Any kind of content people can already get from these mega sports providers won’t drive social results. People don’t look to orthopedics companies for their daily dose of sports news. That’s what ESPN’s for. And when you look at ESPN’s total domination of the industry, you’ll realize how futile it would be to compete with them in any way, shape, or form.

Add Your Own Value

You have to add your own value. Fortunately, you do have value to offer; otherwise you wouldn’t be in business in the first place. Successful social and content strategies come from analyzing how you deliver value to customers and finding ways to either deliver this value in the digital form or to add value. For example, many companies are utilizing social channels to provide customer support. You can also use social channels to build relationships with existing customers in order to cultivate loyalty. Or, you can educate consumers on important topics that will help them in their buying process. There are many, many ways to leverage social effectively to get meaningful results. Sharing without having a specific goal in mind is not one of them.

How To Know if Your Content Is Valuable

Value is largely dependent on context. For example, a cold glass of water isn’t very exciting or worth much to you if you’re at home with unlimited access to cold, filtered water. However, when you’re on a hike in hot weather with no access to clean water, that same glass of water can all of a sudden become extremely valuable to you.

-->Context matters

This also illustrates the idea of scarcity. When there isn’t much of something available, it becomes more valuable.  

-->Availability matters

You would like to buy new boots for the winter. At home, you see a pair of boots at your local department store for $80, but you decide you’d rather not spend that much money right now. On a trip to Italy, you gladly spend $500 on a pair of authentic, handmade Italian leather boots.  

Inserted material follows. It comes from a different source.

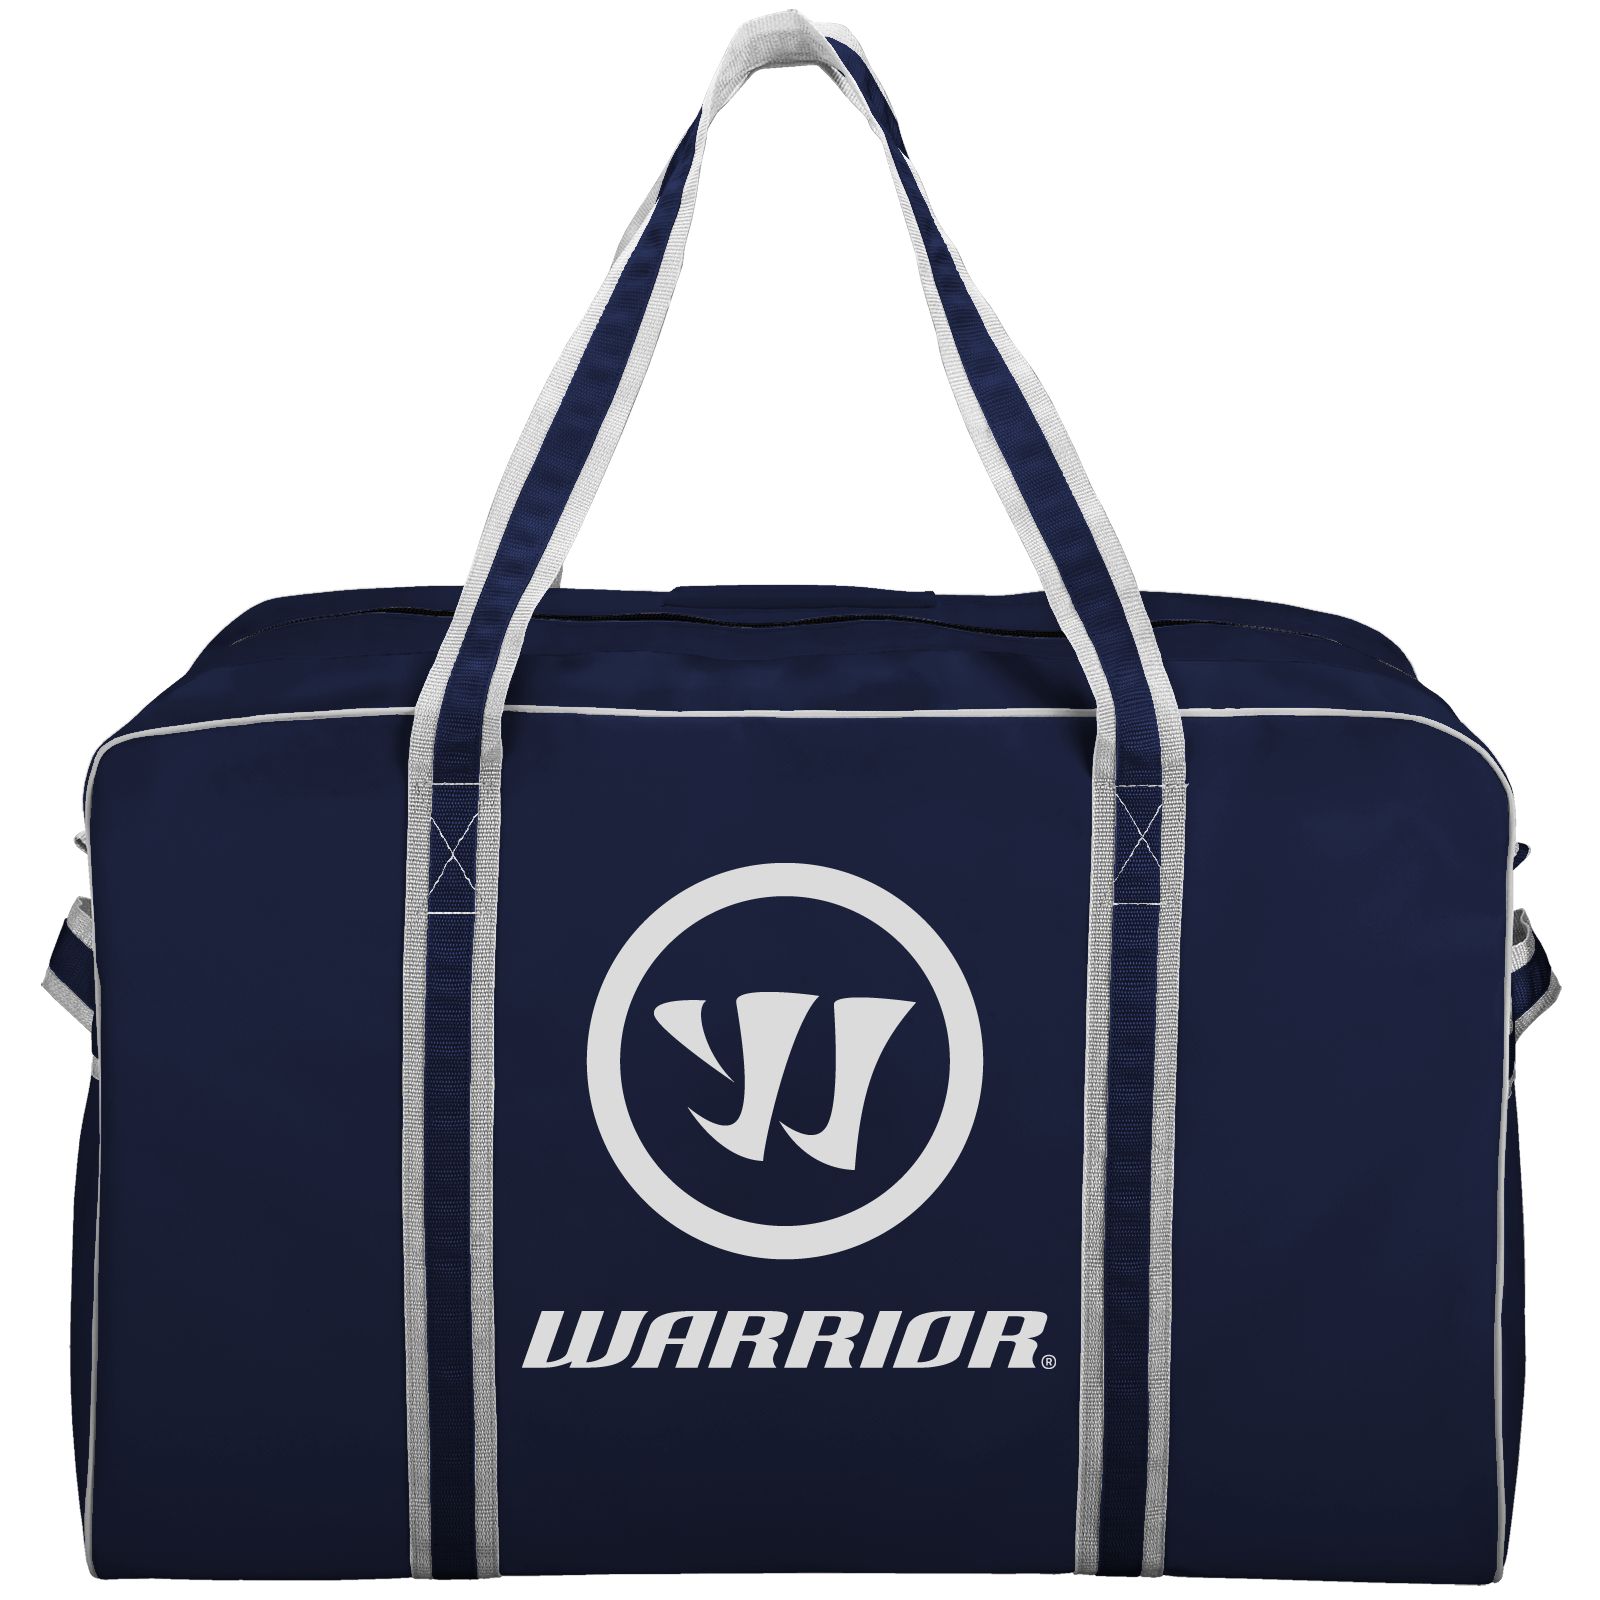 Warrior Pro Bag, Navy with White image number 0

-->Unique, one-of-a-kind matters

Therefore, if you want your content to be of high value to your audience, you need to give them something they can’t find anywhere else.Everything else you create is substitutable. If someone can find the same sports story from eight other publishers, there’s no reason for people to get it from you.

Conclusion

While it’s important to get the attention of your target market and get them to like you, you’re not out there just for the sake of making friends with people on social media. You’re there to serve your audience. This includes existing customers and potential new ones.Every piece of content you share should have a purpose. Before you post anything, think from the perspective of a consumer, and ask, “so what?” If you can’t answer why there’s any significance, you’re not serving your audience.  Furthermore, you need to take it one step further and ask “so what?” from a business perspective. If your social media isn’t driving business results, it’s time to re-evaluate your strategy. The opportunity social provides for businesses to cost-effectively reach consumers at scale is too great to pass up.